VTDigger Opinion: Greenfield: To be more like a business, the state needs to invest

From Vermont Digger
April 22, 2013

Editor’s note: This op-ed is by Jerry Greenfield, co-founder of Ben & Jerry’s Homemade, who lives in Williston.

Although it took me awhile to find Vermont and settle down here, I am glad that Vermont is my home. I am proud to live in a place where people care about each other and believe that everyone has something to contribute to the community. I am also proud of the business that we built here in Vermont, and I appreciate the lessons I have learned as our business has grown.

One thing that I have learned is that you have to make smart investments in people if you want a strong community and successful community members. Ben & Jerry’s has a commitment to paying our workers a livable wage and paying our suppliers a premium price for high-quality ingredients. We don’t do this only to make awesome ice cream, but also to ensure that the people who work with us have good lives and can reach their full potential.

I often hear people say that government should be more like business. I agree. Every business person knows that if you want good results, you have to make smart investments. You have to identify where you need to put your resources to be effective and successful. You have to invest not only in the business, but also in the people who work in the business if you are going to create a good product.

I have never understood why people take the opposite stance when it comes to the government. We all want the government to deliver a good product – whether it is programs for those who need a little help or infrastructure to keep our businesses strong. Yet, we sometimes forget that in order to get these good products, we need to make those smart investments.

When times are tough, it makes sense to step back and assess whether there are corners we can cut for a short time. We must always be ready to shift away from austerity as soon as possible, though, because austerity never leads to prosperity. You might be able to get by for a while playing Scrooge, but you won’t thrive, and neither will anyone else around you. We all know that in the end Scrooge learned that the best way to enjoy the value of his money was to invest it in the people who worked for him and lived in his community.

I love Vermont, and I want Vermont to be the best we can be.
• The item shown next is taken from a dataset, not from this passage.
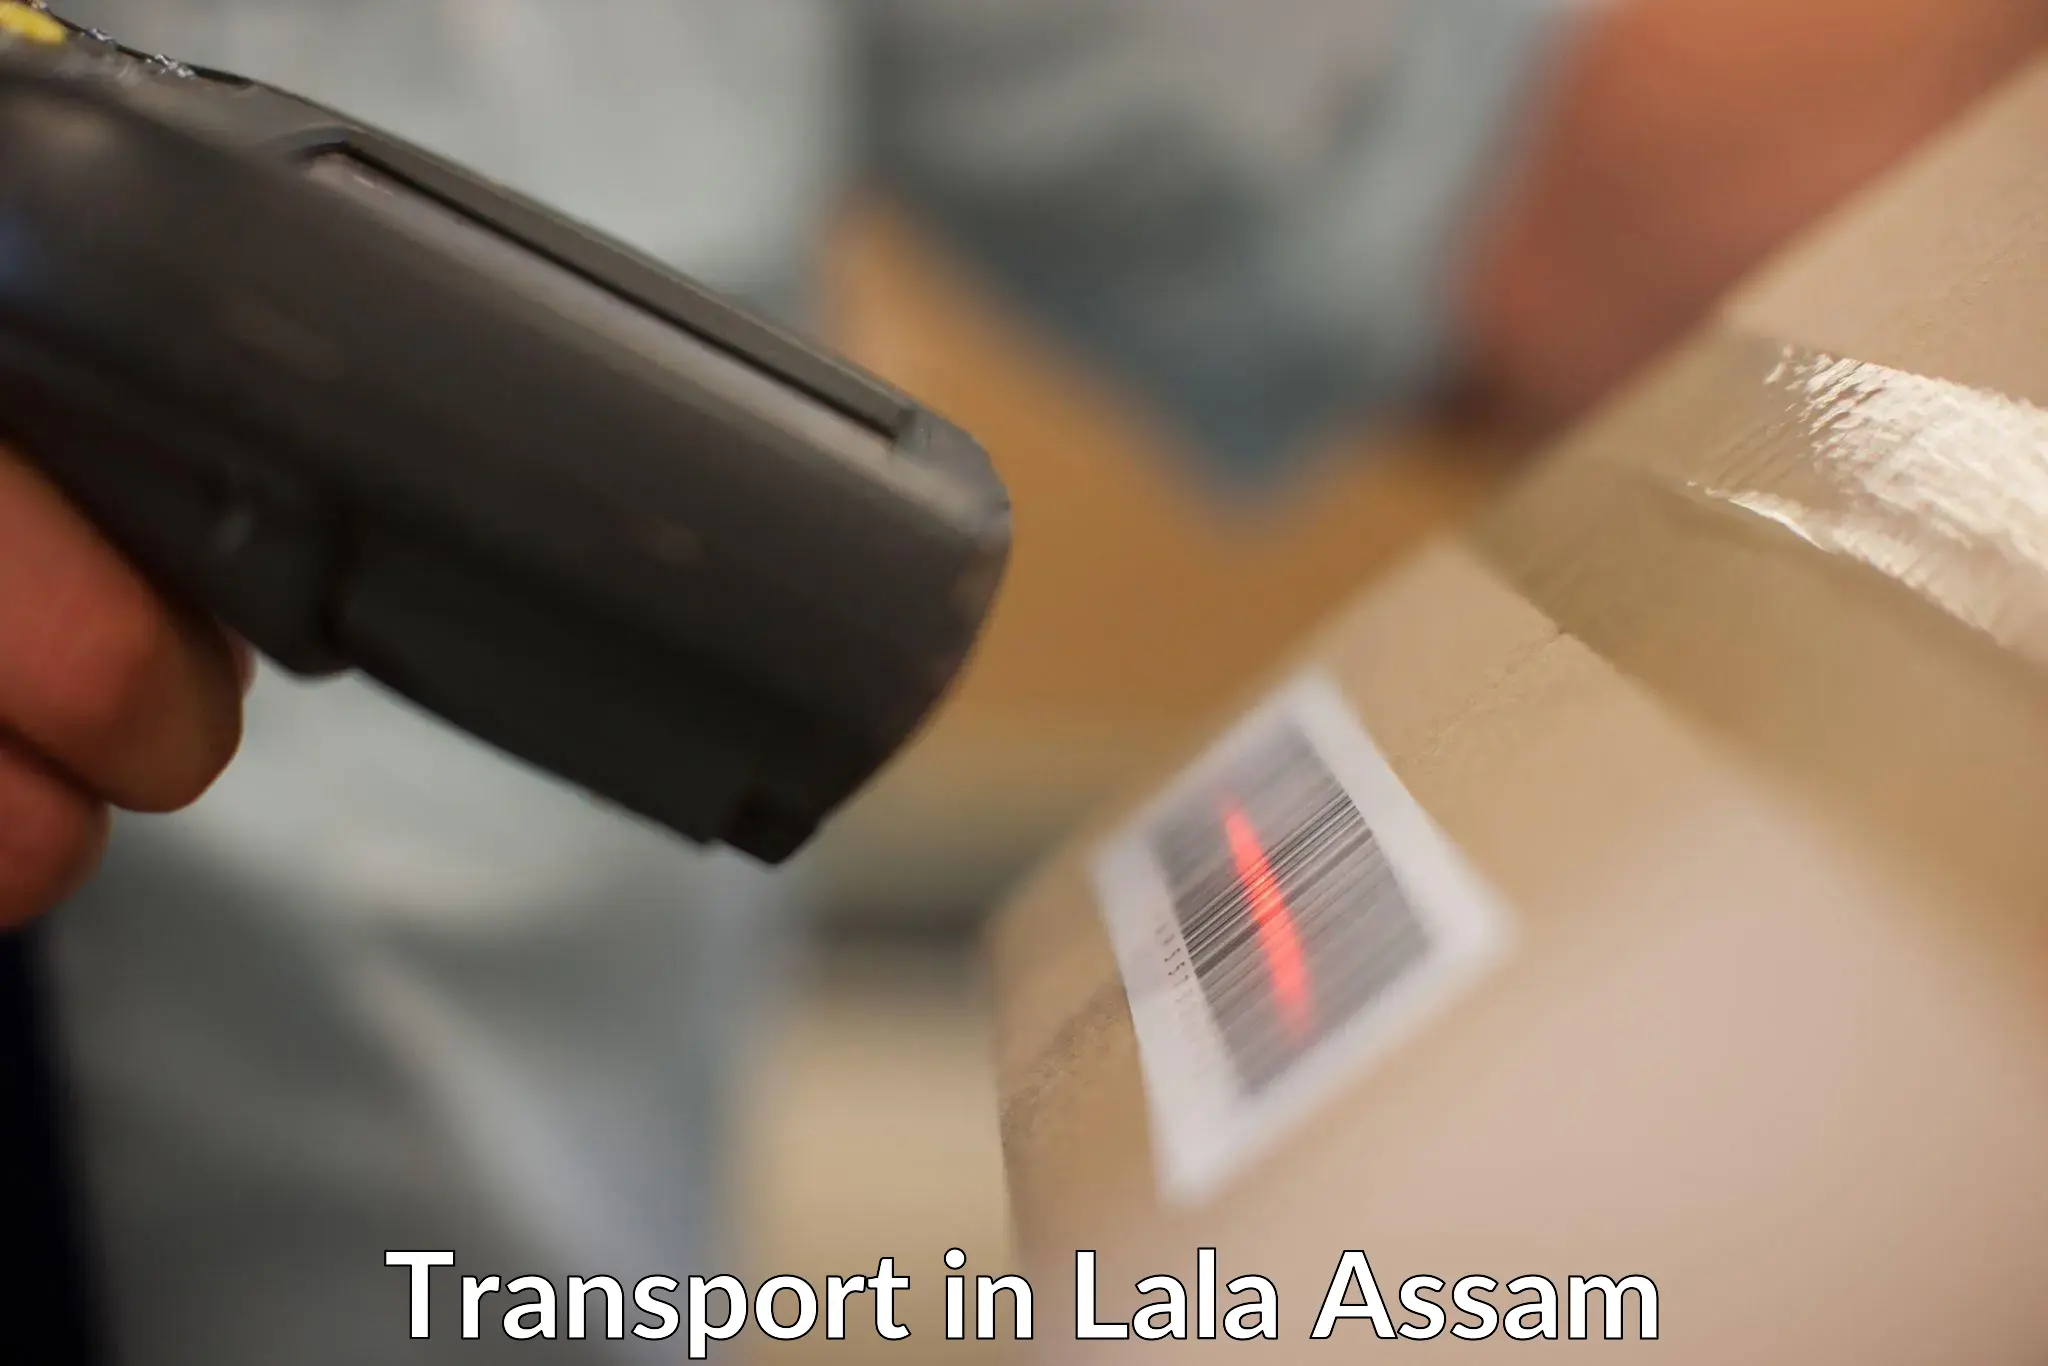 Transport services in Lala Assam

When we as a state hold ourselves to a high standard and make the investments that will lead to success, then we will reap the rewards of those investments – our children will grow up happy and strong, our elderly will age with dignity, our businesses will thrive, and our communities will prosper. The Legislature is making budget and tax decisions now that will set the course for our future. I hope our policymakers will be bold and be businesslike, and make those smart investments in people and infrastructure that we need so that we can all prosper together.